Final Regulations Highlight the Broad Range of Available PRI Purposes, Recipients and Financial Structures
Final program related investment (PRI) regulations1 released and effective on April 25, 2016 illustrate the broad range of programs and investment types that can qualify as PRIs for private foundations. PRIs are excepted from the private foundation excise taxes on investments that jeopardize the carrying out of a foundation’s exempt purposes (i.e., investments that are too risky). The original ten examples in the regulations focus on domestic situations involving deteriorated urban areas and the poor, with investments structured either as loans or purchases of common stock.2 The new and now final regulations add nine more examples that are more varied as to the qualifying exempt purposes, recipients, and financial structures available for use with PRIs. With some helpful changes, these new regulations are based in large part on proposed regulations issued in 2012.3
What Can a PRI Seek to Accomplish?
The primary purpose of a PRI is to accomplish one or more exempt purposes, including charitable, educational, scientific, and literary purposes.4 The newly added examples involve domestic and international programs for combating environmental deterioration, promoting the arts, providing relief to the poor, educating poor farmers in a developing county, supporting commercial employers in disaster areas, providing microloans to poor individuals in developing countries, constructing a child care facility in a low-income neighborhood, and furthering “orphan drug” research and development (e.g., finding a vaccine to prevent a disease that predominantly affects the poor in developing countries).

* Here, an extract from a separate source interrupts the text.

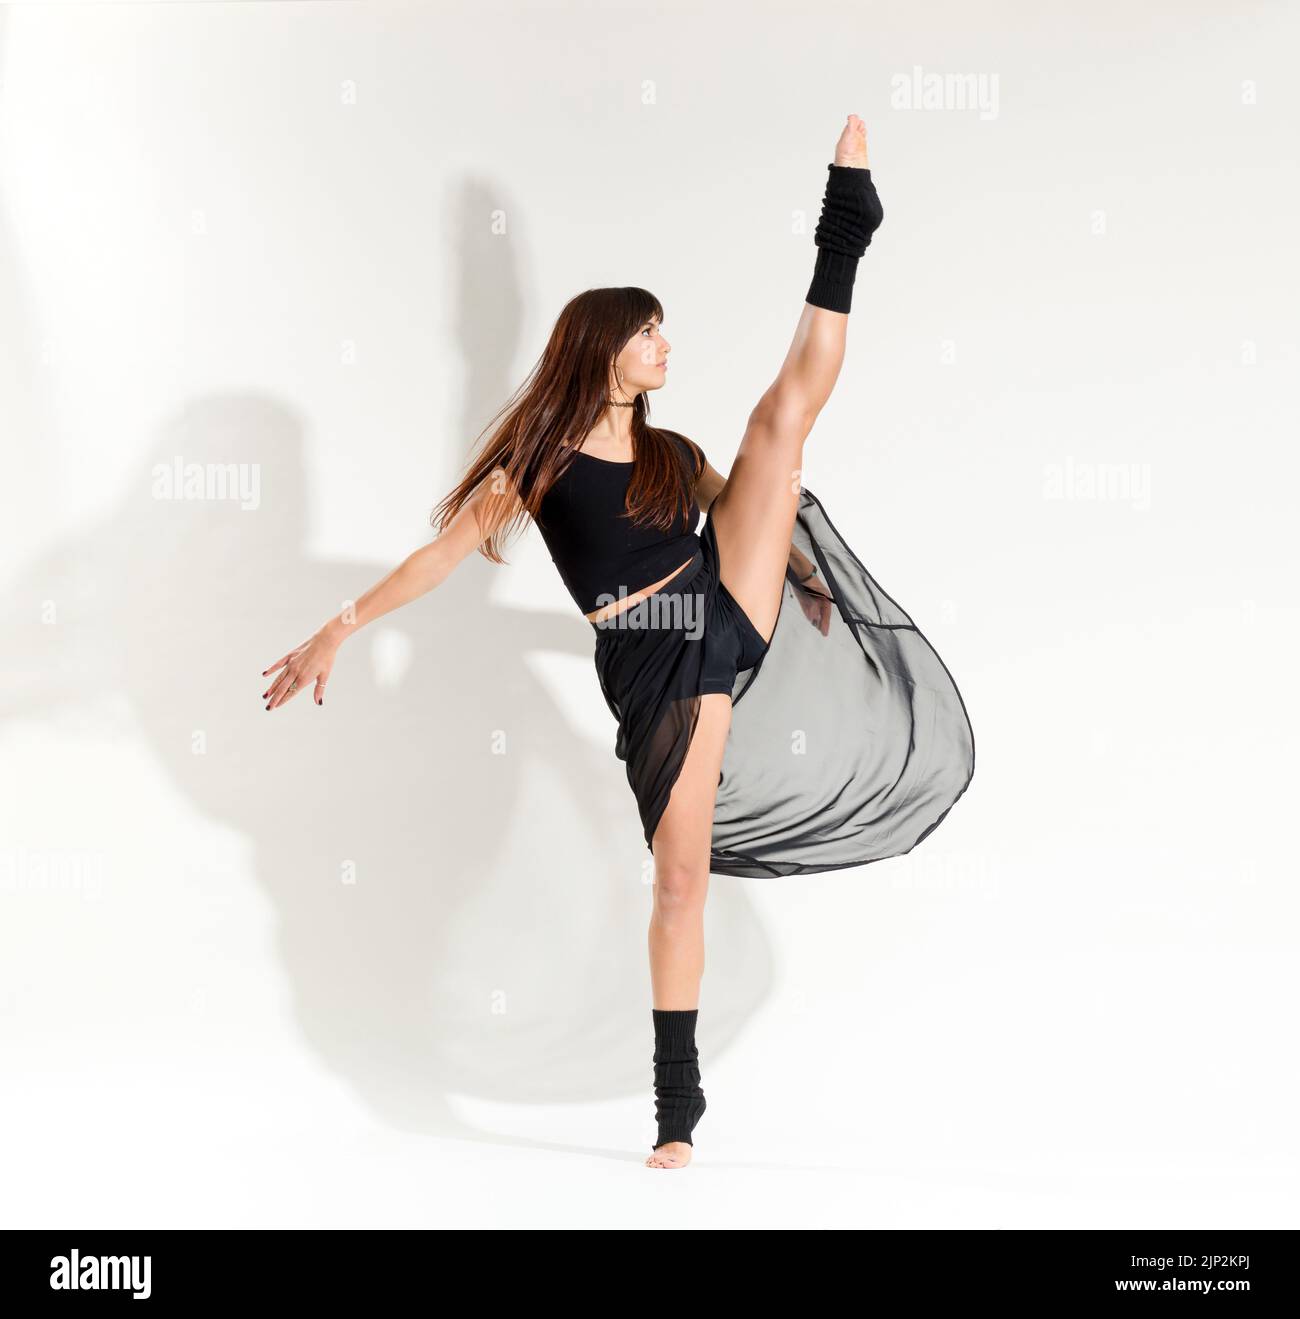 danseuse, ballet, developpe, ballet position, danseurs, ballets Banque D'Images
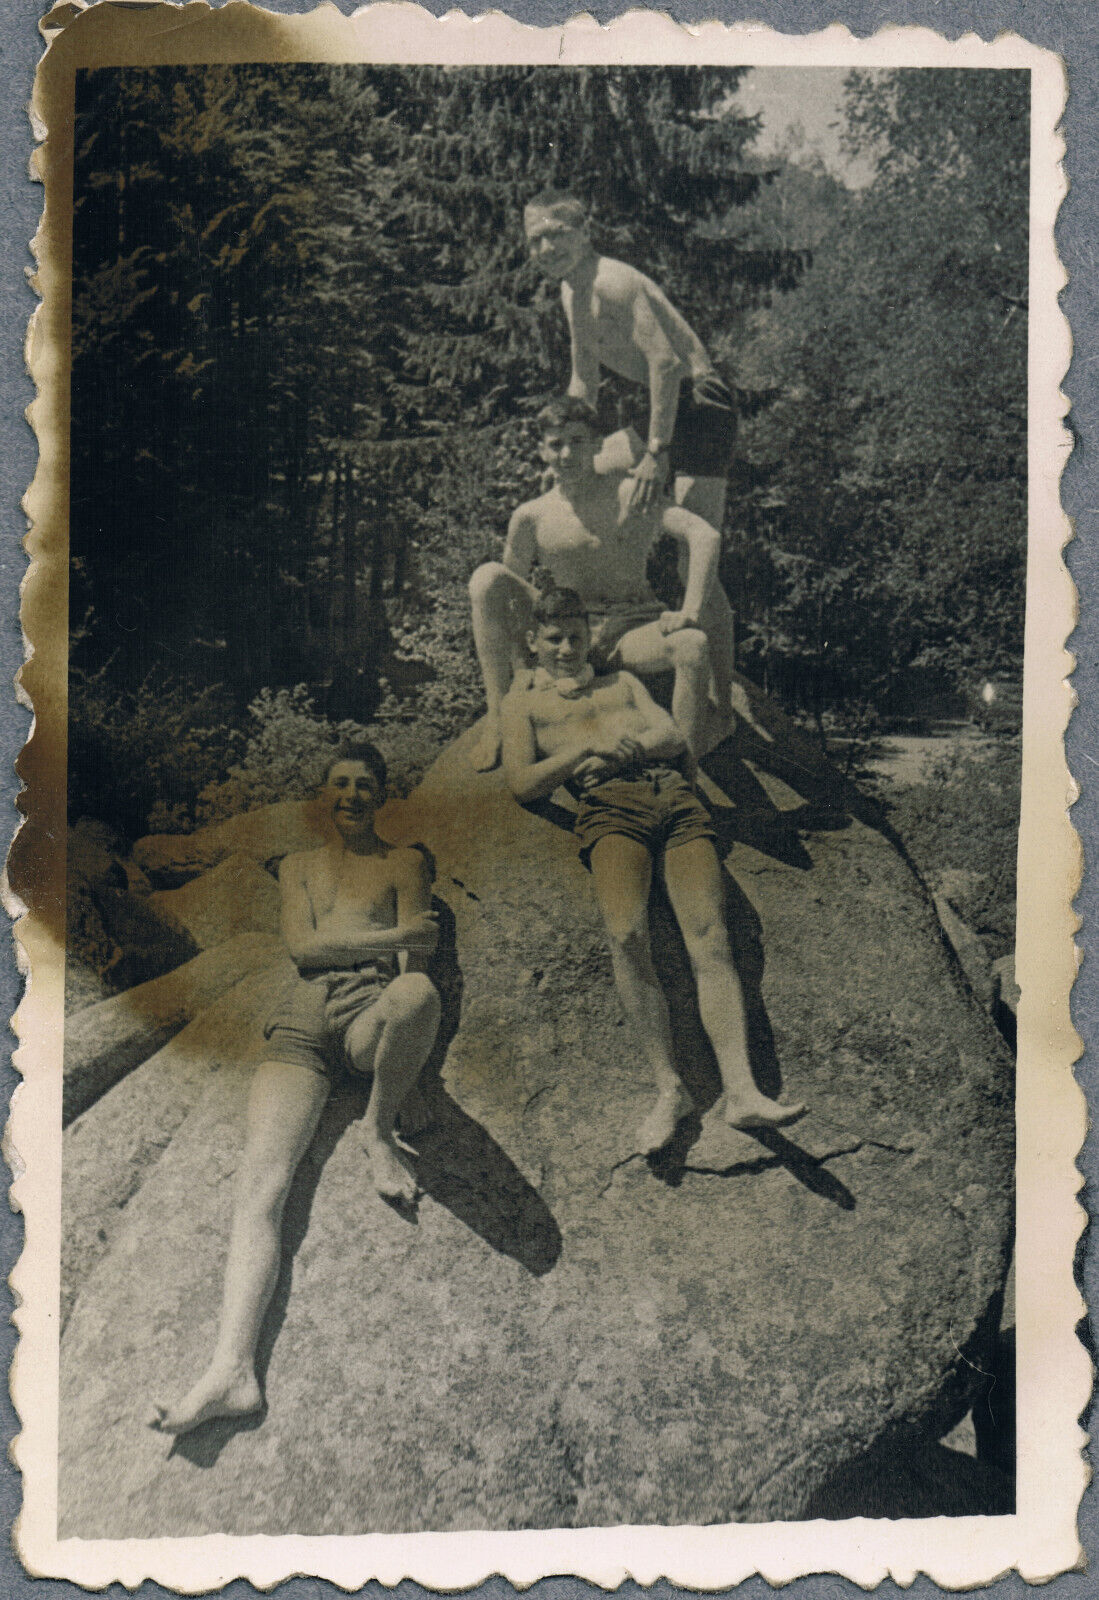 1950s Beefcake Bulge Shirtless Men Trunks Gay Interest Vintage Snapshot Photo

The new examples illustrate just a fraction of the broad range of programs that can further a private foundation’s exempt purposes through PRIs. For example, the Treasury Decision announcing the new, final regulations notes that scientific research carried on for the purpose of discovering a cure for a disease need not involve a disease predominantly affecting developing countries to accomplish an exempt purpose. This suggests that a PRI financing medical research involving a disease that predominantly affects developing countries, but with respect to which a lack of sufficient market incentives exist for research and development of new treatments, could also accomplish an exempt purpose.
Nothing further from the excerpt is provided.